The decline of public education
An effective public education system is the most effective tool to promote social mobility. A shortage of teachers, poor student achievement records, school violence, botched educational projects and poor planning to cater for the capacity needs resulting from economic growth are all signs that an education system is not delivering.
The latest worrying news coming from the education system is that children in some State schools may have to attend lessons in mobile classrooms because no more space is available. Such shortage of classrooms is normally associated with poor countries with shoestring budgets for education. In Malta, the problem is caused by the inability of the government to plan long term to ensure that economic growth is supported by the enabling infrastructure, including the provision of adequate educational facilities.

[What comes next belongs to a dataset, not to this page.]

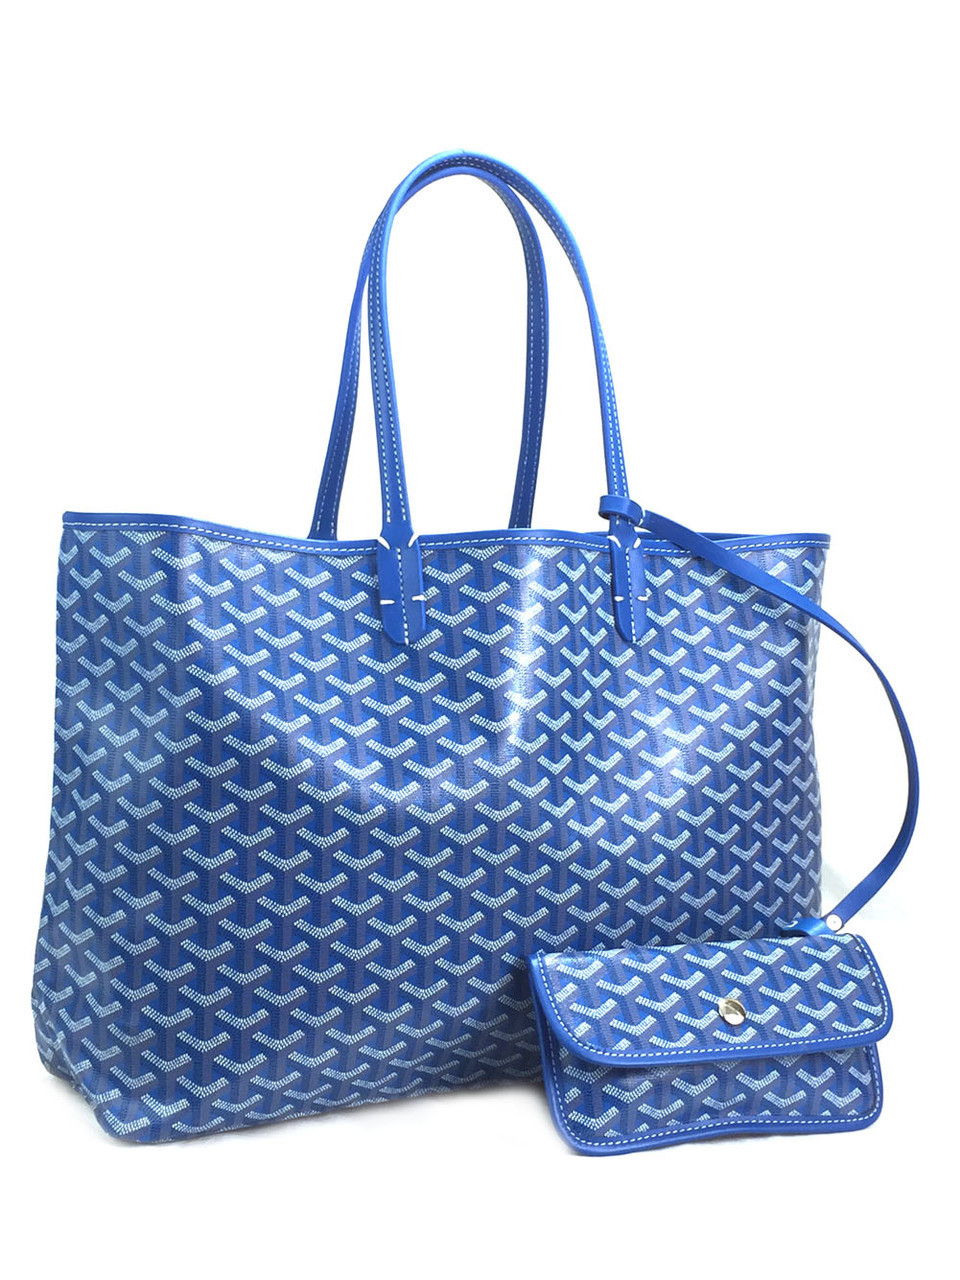 This is the cult-favorite Goyard Chevron Tote in the stunning special  color, Sky Blue. This light blue is so versatile and for sure to…

The fact that some towns like St Paul’s Bay and Żejtun were experiencing a strong flow of both local and foreign residents has been evident for more than a decade. The overcrowding of schools should have led to concrete plans to extend the availability of classrooms so that students could be accommodated in a normal school environment.
Planned school building programmes have failed to materialise even if the Education Ministry is reticent in explaining why this is the case. There seem to be no delays in the construction of flats, commercial outlets, hotels and high-rise buildings. Looking at the crane-studded skyline of practically every town and village is proof that where there is financial motivation to speed up construction projects, results are achieved fast.
Installing mobile classrooms does not provide the ideal environment for learning. The government argues that strong economic growth was not anticipated in such a short time. It will also insist that the influx of vast numbers of foreign workers and the pressures they create on the infrastructure are inevitable and irreversible. The not-so-subtle message is that we have to put up with a failing infrastructure if we want to continue experiencing the instant gratification that comes with strong economic growth.
The Education Ministry is reluctant to discuss the massive problems that our public education system is facing. It churns out mounds of media releases that serve no viable purposes other than to provide politicians with a ready forum to announce their latest initiative that soon disappears. The latest initiative is a consultation process on school uniforms.
Lack of long-term planning is one of the main reasons behind students’ poor achievement levels that threaten the country’s future prosperity. Sustainable economic growth will only be achieved when we focus on improving productivity. The best way to do this is through an education system that prepares young people for the challenges of the modern workplace.
The public education system is in crisis. The political leadership in this sector is failing in a way that should worry policymakers, parents, students, business and society. In the absence of robust plans and competence to reverse this decline, it is left to teachers’ unions, parents and employers to keep attention focused on the inadequacy of the public education system.
Parents with ample financial means will find ways to avoid the worst consequences of a failing public education system. Those who do not have such means will struggle to achieve their dream to move up the social ladder.